Important Art by Marius de Zayas
Alfred Stieglitz, L'Accoucheur d'Idées (The Midwife to Ideas) (1908-9)
This depiction of his friend and collaborator is part of a series recording the artists of Alfred Stieglitz's circle. Stylistically more mysterious and suggestive than his commercial caricatures, this drawing suggests de Zayas's Symbolist inspirations as he adapts his style to depict his artistic colleagues. Stieglitz is shown as a solitary figure, emerging from a dark background. Recognizable by his bristly moustache and glasses, de Zayas subtly differentiates between Stieglitz's black outfit and the black field, to create a spectral vision. The elongated figure furthers this immaterial representation of the body. The darkness is punctuated only by a glowing full moon that circles Stieglitz's head like a halo and suggests a quasi-religious role for the gallerist. The drawing evokes an otherworldly spirit.

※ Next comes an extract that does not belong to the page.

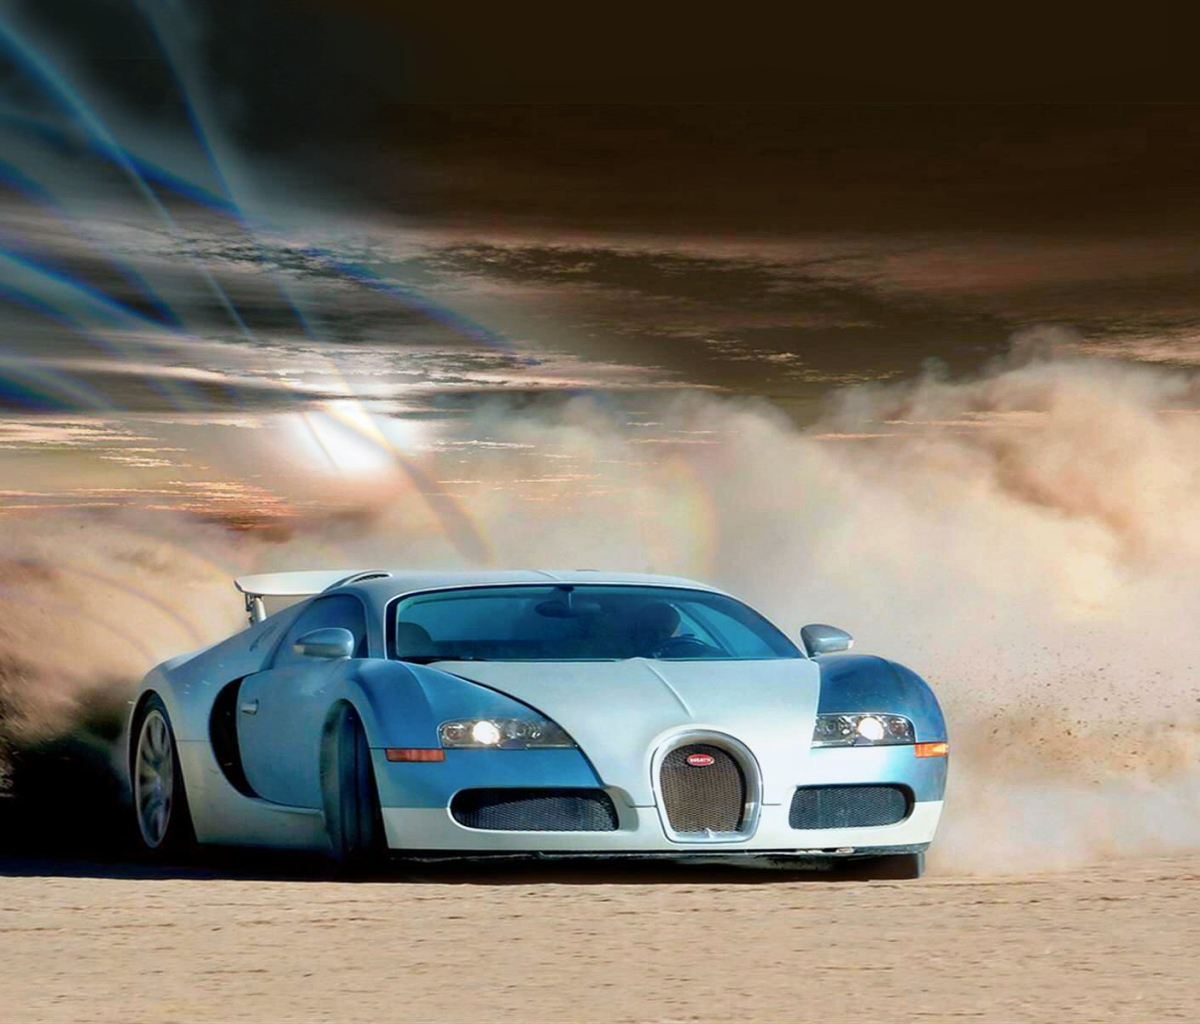 Descarga gratuita de fondo de pantalla para móvil de Bugatti, Coche, Bugatti Veyron, Vehículo, Vehículos.

This caricature was most likely part of de Zayas's first exhibition at 291 gallery, iin January 1909. It marks his arrival as part of the Stieglitz group, as the exhibition signaled his ascension from a commercial illustrator to a fine artist. The work was reproduced in Stieglitz's Camera Work in 1912, where it was subtitled as "The Midwife to Ideas." - making clear Stieglitz's role as a facilitator for modern art in New York.
All In It (1912)
The politically progressive de Zayas family was forced into exile when Marius was a young man. In New York, de Zayas drew political cartoons for a variety of newspapers and magazines, often criticizing America's actions towards Mexico and other less powerful countries. He was particularly distrustful of Theodore Roosevelt and William H. Taft, believing they only represented the interests of American industrialists such as John D. Rockefeller and his Standard Oil Co. In this cartoon from the Evening World Daily Magazine, both men, along with the Republican elephant, are immersed in dark waters - or crude oil - labeled "corporation campaign corruption."
Portrait of Alfred Stieglitz (1912-13)
In his April-May 1913 exhibition at Alfred Stieglitz's "291" gallery, de Zayas showed a series of caricatures; some were in his conventional style that played with a recognizable and popular subject, but others, such as this portrait of Stieglitz, represented a new level of abstraction.

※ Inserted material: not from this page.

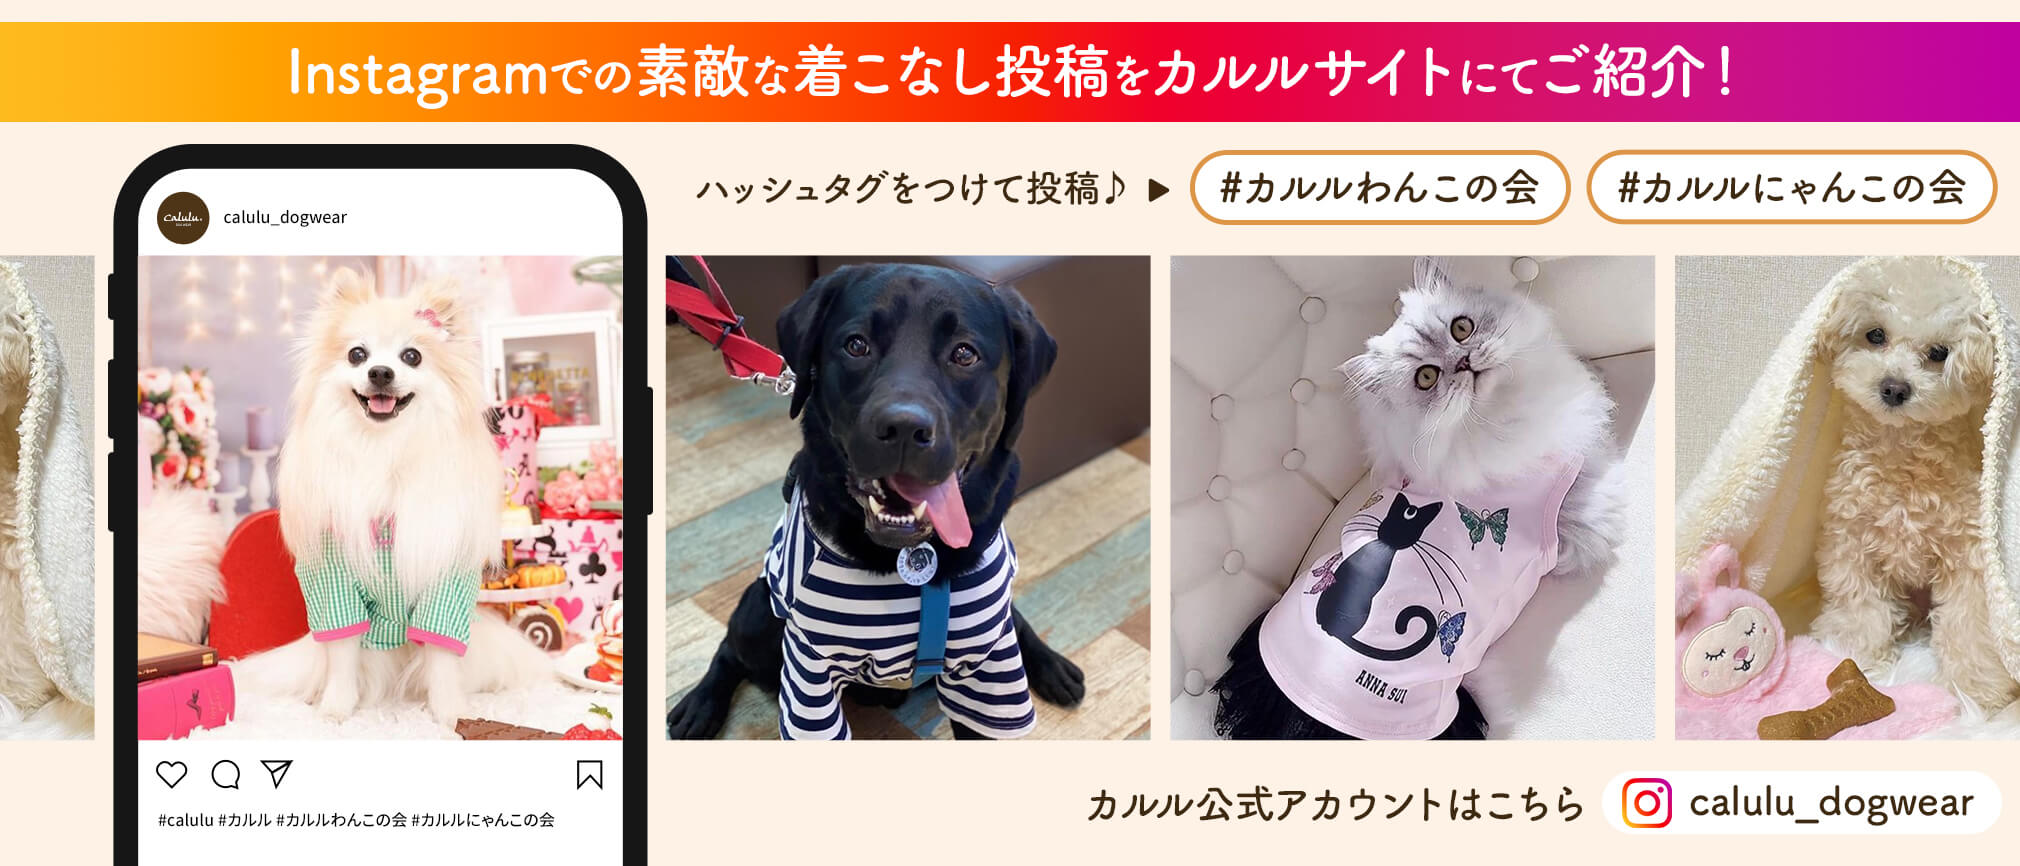 犬服・ドッグウェア・犬用ベッド・ペット用品ブランド通販サイト

This depiction of Stieglitz aims to express his complicated personality, along with his intelligence and spirit, through the use of complex mathematical equations. There are some physical traces of Stieglitz, most notably his bristly mustache (represented by a series of parallel lines in a triangular form on the lower left) and his glasses, which are repeated in a vertical series of circles to suggest the intensity of his focus and artistic vision. These circular elements, however, were also abstractions based on an object - a "soul catcher" - that de Zayas had seen in an ethnographic museum. Bringing together the abstract and the representational, de Zayas creates a portrait that suggests both the physicality and the spirituality of his subject.
De Zayas's abstract caricatures directly inspired the machine portraits of Francis Picabia, which became an important part of Dada in America. Replacing the portrait subject with an assemblage of objects and formal components of line and color became a new genre of painting among the New York avant-garde. Other modernists would adopt this technique to portray friends and lovers without resorting to traditional representation. Indeed, these object portraits created coded meanings that were comprehensible only to a small circle of associates, tracing a network of experimental artists in the 1910s and 1920s.